Prior collaboration with AI labs, security teams, or government safety institutes;
A track record in top CTF teams, offensive security research, or adversarial ML research;
Published work in AI safety, security, or robustness;
Can communicate technical findings and recommended mitigations to both technical and non-technical audiences, including frontier lab safety teams and senior policymakers;
Prior experience mentoring technical ICs or leading a small technical team (required only for the management track).

If you are earlier in your career but have a standout jailbreaking track record, we still encourage you to apply as we are also hiring for less senior positions on the team. If you are missing the hands-on jailbreaking depth but have adjacent strengths, we encourage you to consider our other open roles on the red team.

If based in the USA or Singapore, you will be an employee of FAR.AI (501(c)(3) research non-profit / non-profit CLG). Outside the USA or Singapore, you will be employed via an EOR organisation on behalf of FAR.AI.

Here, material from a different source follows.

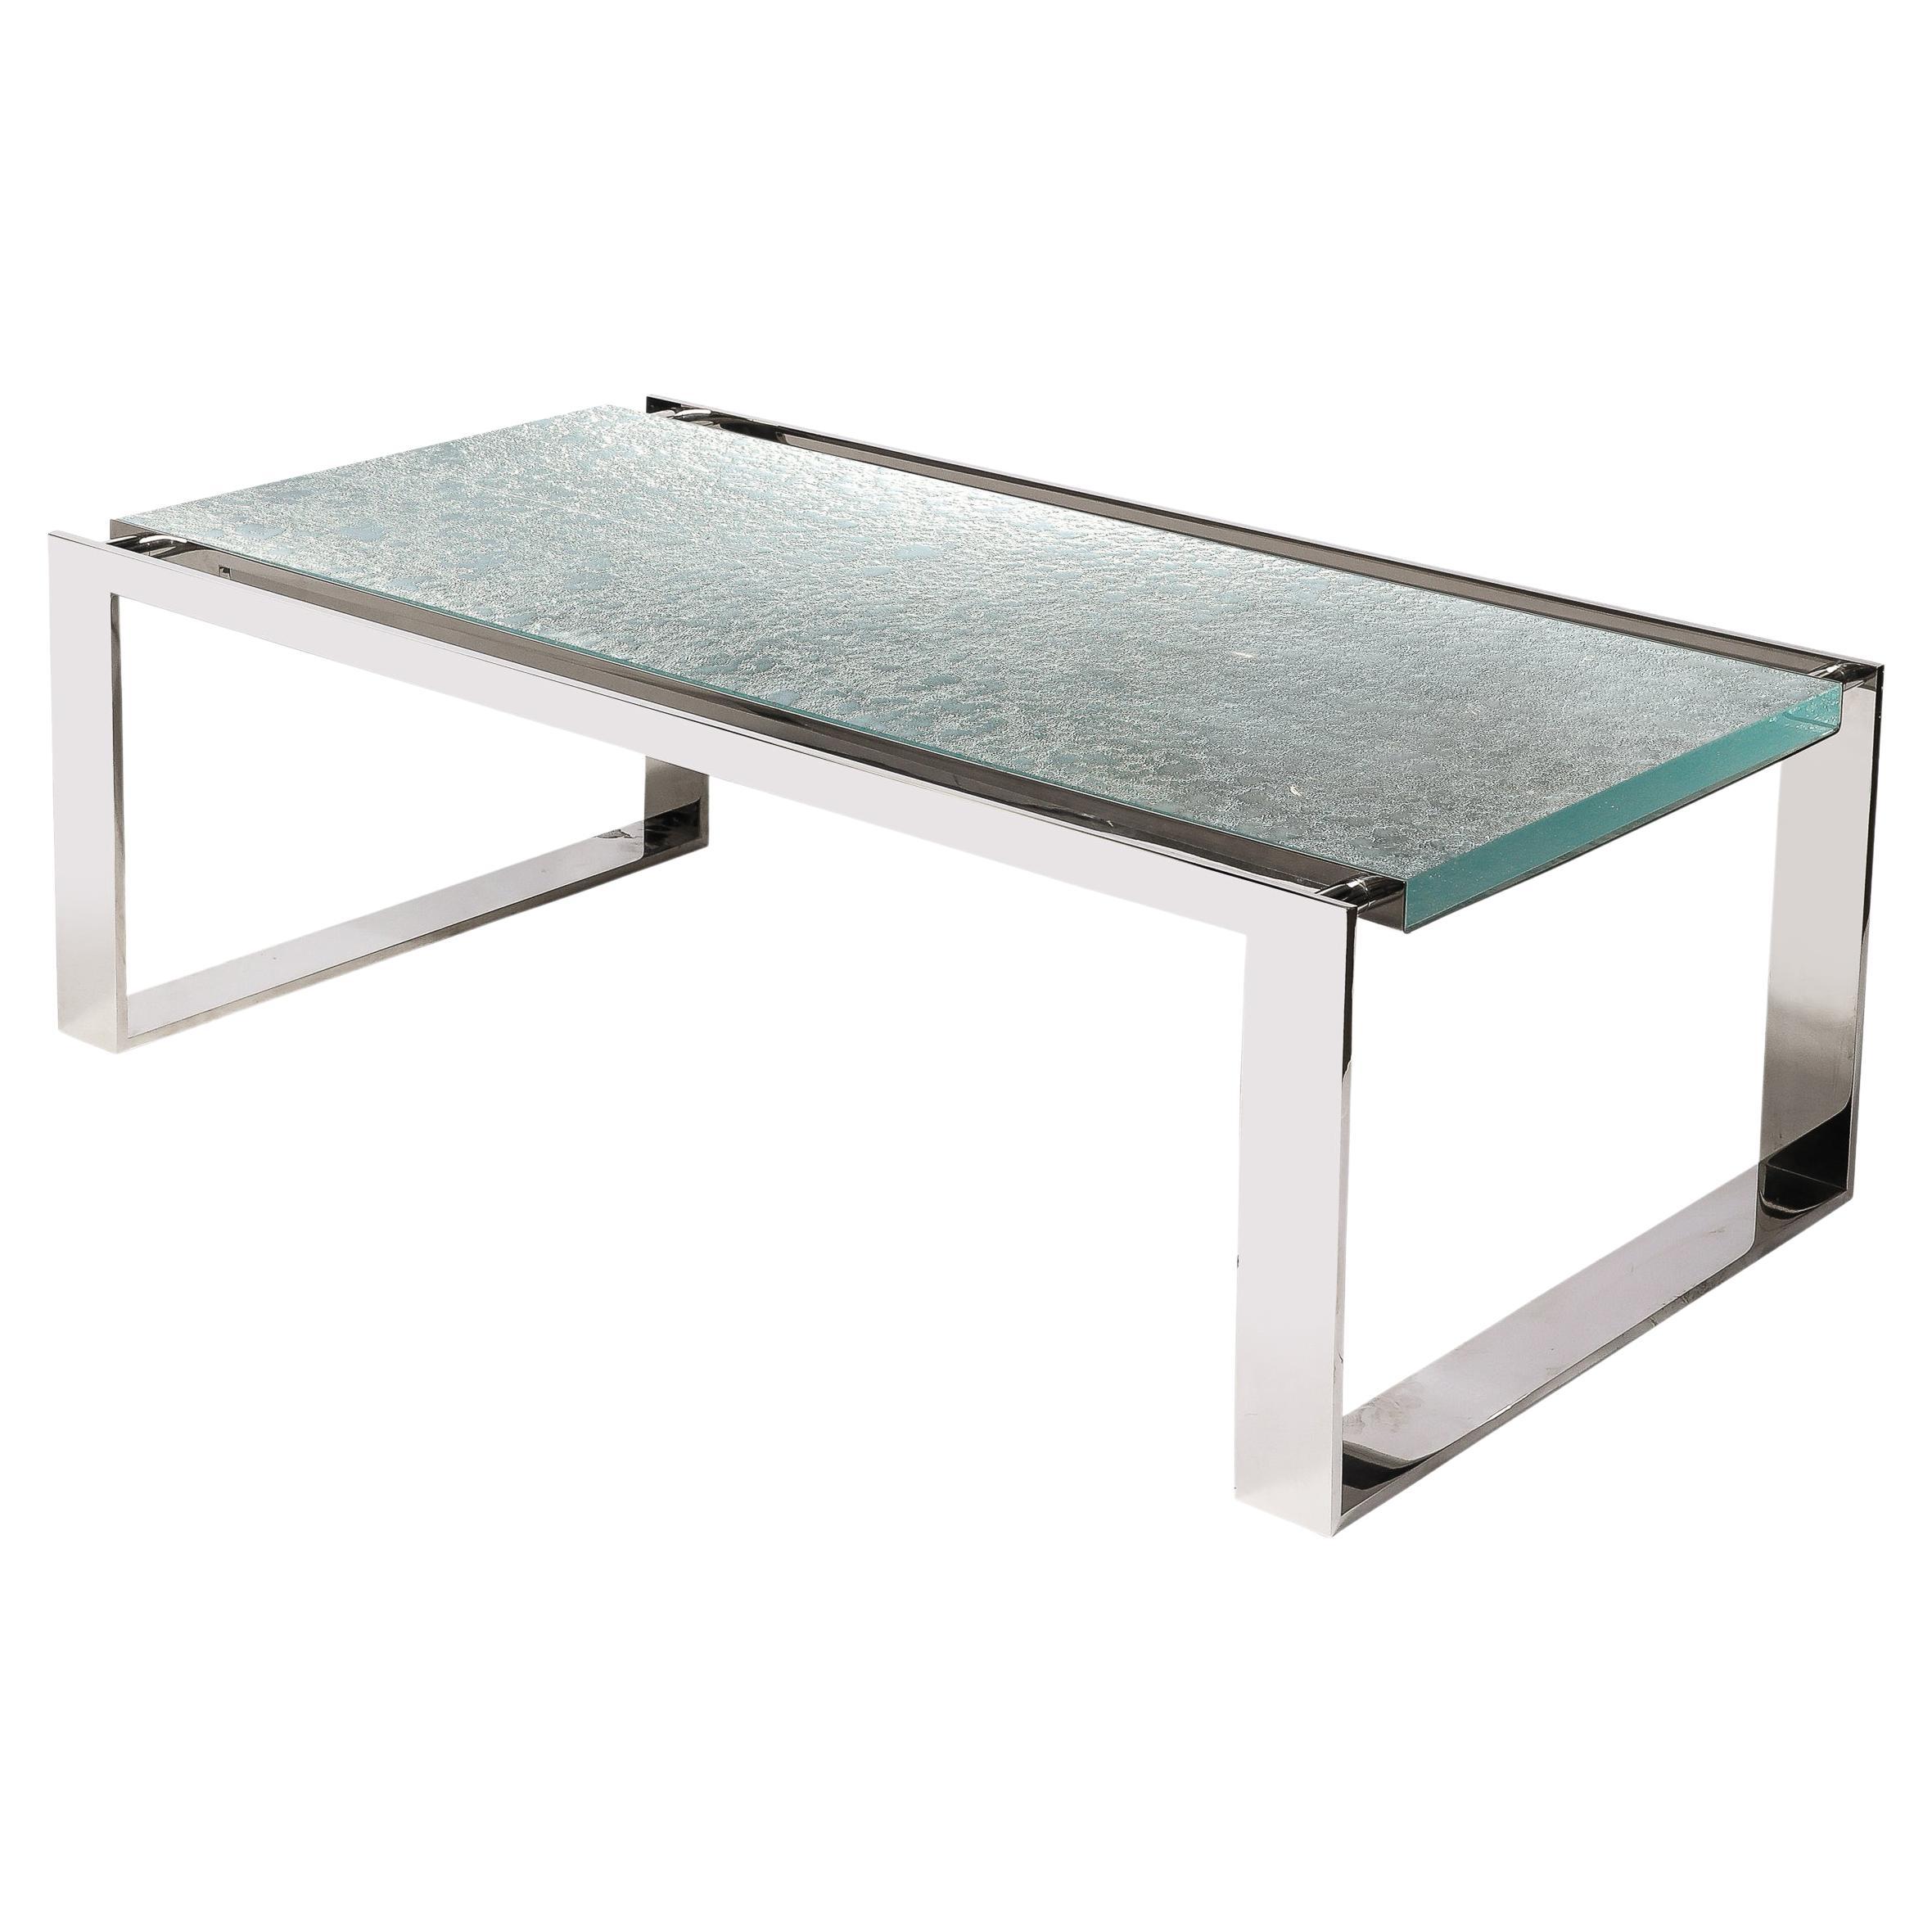 Modernist Nickel  and Lucite Glacial Cocktail Table by Lorin Marsh
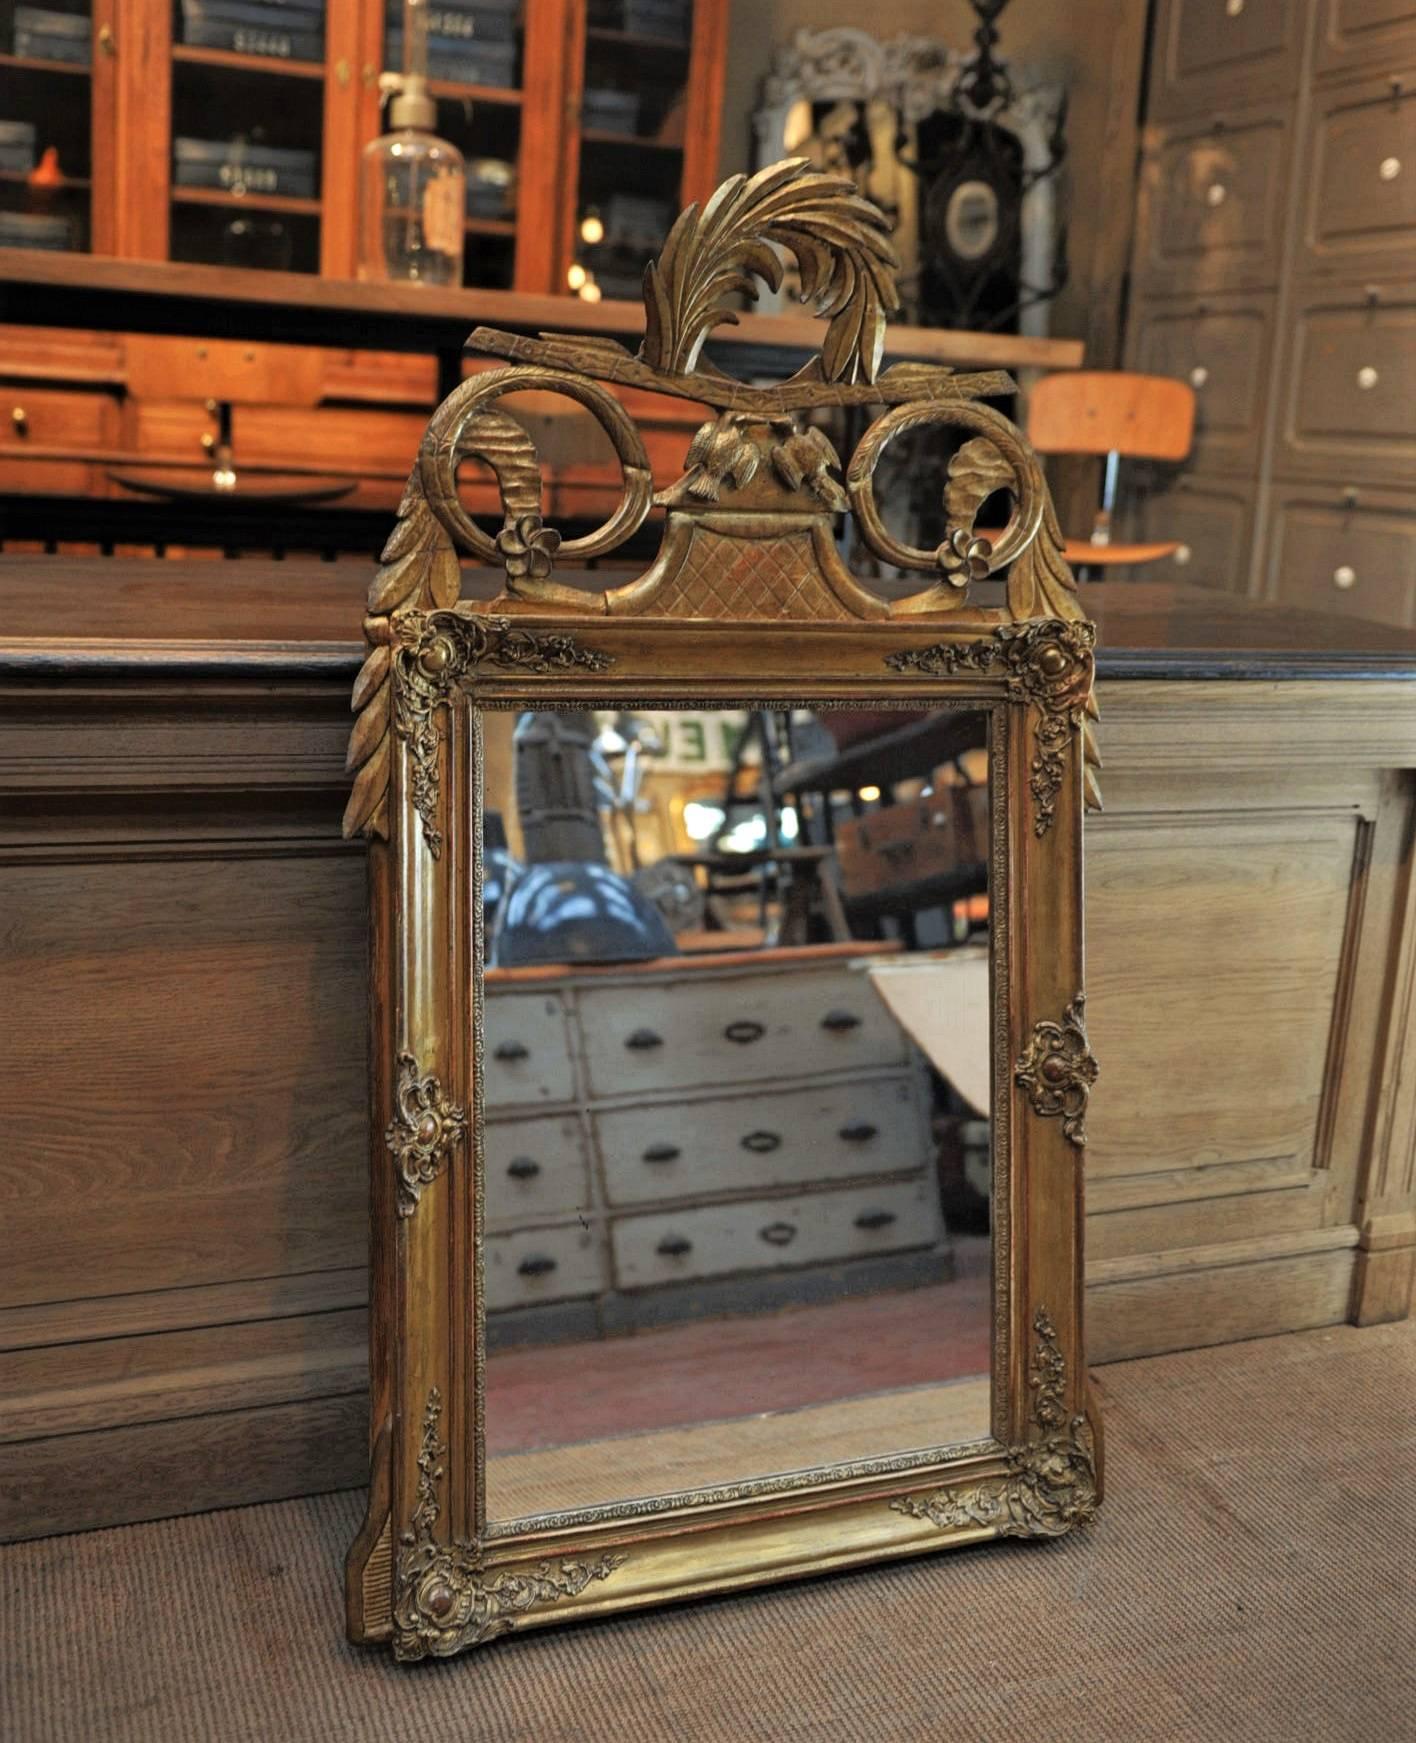 19th century French mirror, gilded wood frame with great birds and leaves decor the antique original gilt and mirror glass in very good condition.

 

Location: Remote globally. We can sponsor US or Singapore visas.
Hours: Full-time. Expect up to one trip per month for convenings, government meetings, or team gatherings.
Compensation: USD 170,000–250,000, depending on experience. Exceptional candidates may be offered more.

We know these roles are rare and the skill combination is unusual. If you're uncertain whether your background fits but are excited by the mission and challenges, we encourage you to apply – we're looking for excellence and potential, not a perfect resume match.